Considerações finais:
Precisamos repensar nosso sistema, sair do fee for service, testar alternativas, buscar diferenciação por resultados. Errar, se for preciso.
Só há um caminho para surgirem critérios de avaliação de desempenho médico adequados em larga escala, venhamos a remunerar por performance ou não. Nele, hospitais, operadoras/planos de saúde e médicos devem enxergar-se como um banquinho de três pernas, onde, se uma quebra, cai o banco, caem todos. Aliás, são esse banquinho de três pernas! Precisam pensar juntos os programas de incentivos. É fundamental ainda a participação de representantes de pacientes. Somente assim o referido equilíbrio será possível, falando-se em uso racional de intervenções em saúde. Neste caminho, a transparência será o alicerce principal. E forte ênfase deve ser dada nas questões cognitivas apontadas ao longo do texto.

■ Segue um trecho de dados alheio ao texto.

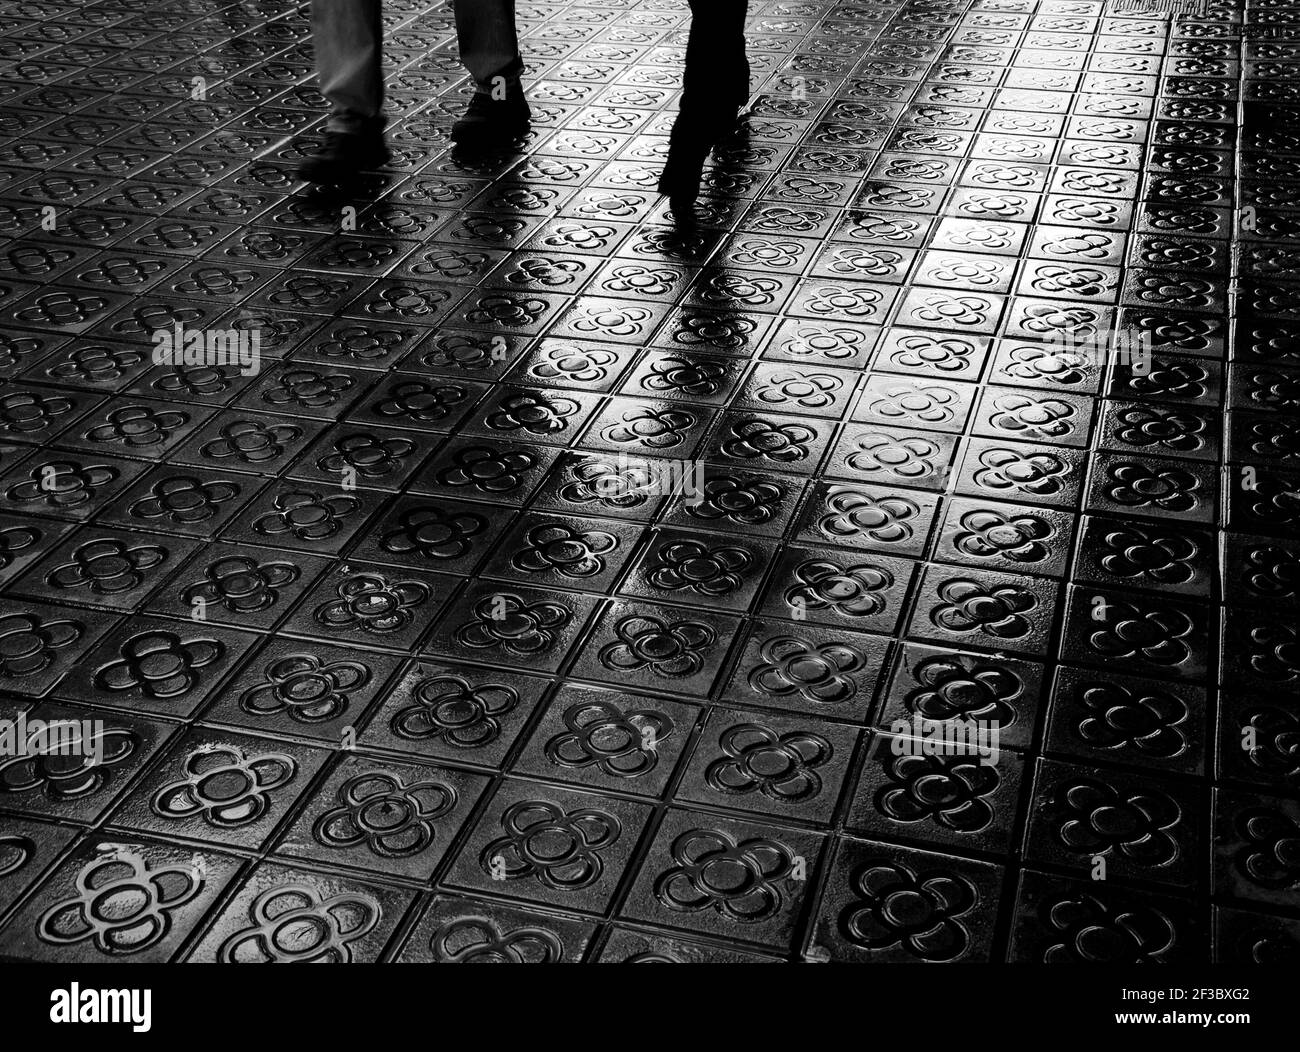 Barcelona, Spain. Couple legs and their reflection on wet flower street paving. Romantic vacation background. Black and white photo. Stock Photo

A isonomia entre membros do Corpo Clínico, da mesma especialidade inclusive, pode (e defendo que deva) ser quebrada. Mas, se os critérios não forem públicos, a chance de estarem errados é grande. Se os hospitais não puderem falar deles quando procurados pela Folha ou outro jornal, muito provavelmente não devem existir.
Por fim, ainda que a questão do conflito de interesses possa ser abordada de uma perspectiva moralista e inculpadora, isso implicaria em ignorar todo o conhecimento acumulado sobre os processos cognitivos e decisórios humanos. A diferença entre essa perspectiva e outra menos inculpadora, e mais preemptiva, está no foco das mudanças: se no indivíduo, ou nos sistemas. Uma atitude não punitiva em face das limitações inerentes à natureza humana não implica em isenção de responsabilidades individuais, mas seria a abordagem preferencial para modelamento dos sistemas, quem sabe do pagamento por performance (P4P).
Enfrentar isto tudo é tarefa inarredável. Falar do assunto sem medo é a primeira etapa. Posso ter cometido falhas analíticas ou outros equívocos, até pela velocidade ao gerar o texto, numa corrida para não esfriar o debate, entre compromissos represados pós-Carnaval. Mas o importante agora é ausência de omissão. Entremos todos de cabeça na discussão e instiguemos um sistema de saúde melhor para os brasileiros.